Successivamente, dopo un breve excursus sui casi di nullità per difetto di causa dei contratti swap, è stato opportuno soffermarsi sull’art. 23 TUF, esaminando tutte le questioni che esso impone di affrontare. In particolare, c’è stato un preliminare inquadramento della categoria della nullità di protezione, nella cui categoria è inquadrabile il rimedio che prevede il suddetto articolo, con tutte le controversie giurisprudenziali che questa categoria remediale, ormai di decennale introduzione ad opera della determinante comunitaria, pone. Dopo aver circoscritto, causa previsioni normative anche qui poco esplicite, l’ambito di applicazione dell’art. 23 al solo cd. “contratto-quadro”, assecondando orientamenti dottrinali e le decisioni della giurisprudenza maggioritaria che non comprendono in esso i singoli ordini, si è affrontato il problema principale che tutt’ora si pone nell’analisi della disciplina derivante da tale norma.
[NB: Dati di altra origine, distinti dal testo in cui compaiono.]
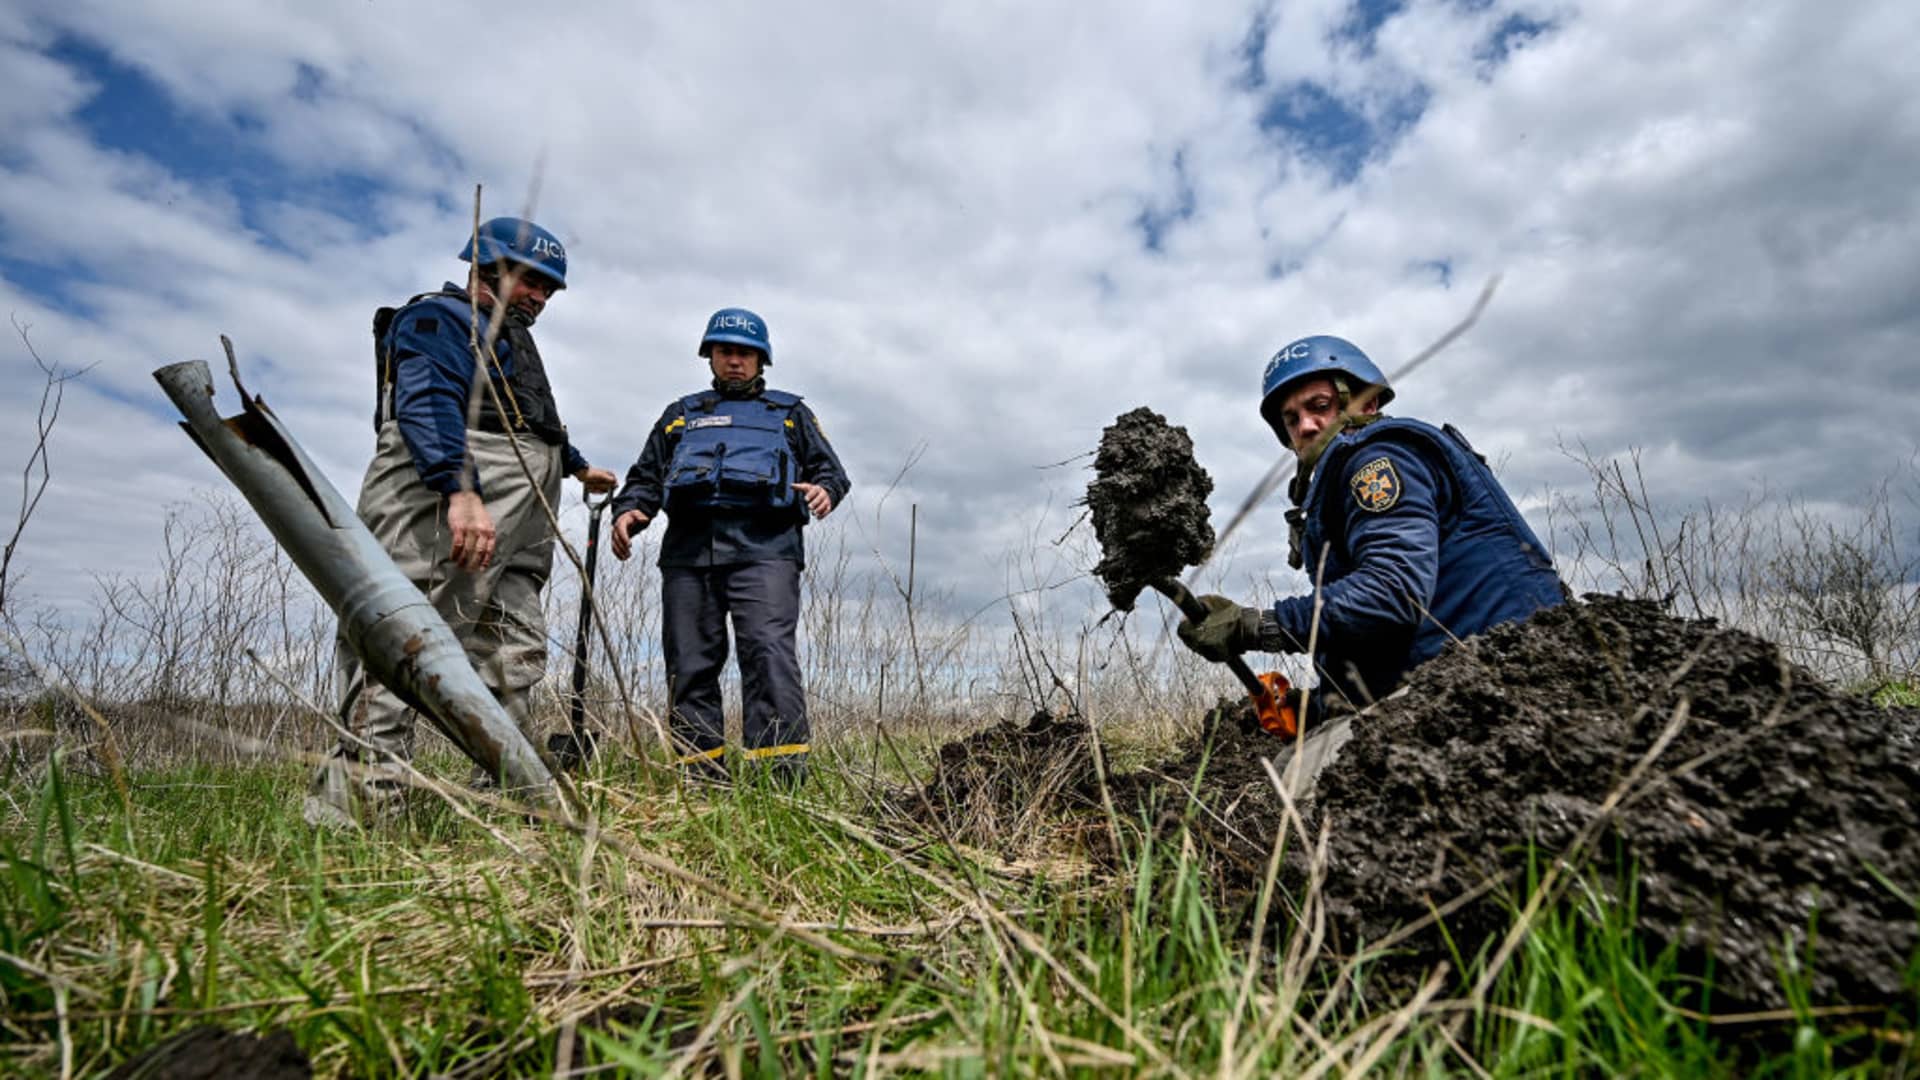 An expert of a State Emergency Service bomb squad digs around the dangerous remains of an Uragan rocket stuck in pastureland during a mine clearance effort, Hryhorivka, Zaporizhzhia Region, southeastern Ukraine.

Si è parlato quindi dell’uso abusivo del rimedio della nullità di protezione da parte di colui in favore del quale l’ordinamento predispone tale forma di tutela, ovvero il contraente debole, e delle varie soluzioni proposte per evitare tale distorsione, senza, ovviamente pretendere di by-passare la previsione normativa, in certi punti molto chiara nello scongiurare soluzioni che si emancipino troppo dalla sua impostazione.

Come fatto già trasparire nel corso della trattazione, la soluzione più consona al dettato normativo e più scevra di inconvenienti dal punto di vista dottrinale per arginare l’abuso della nullità di protezione, sembra quella che suggerisce il rimedio dell’eccezione di dolo per paralizzare la pretesa dell’investitore.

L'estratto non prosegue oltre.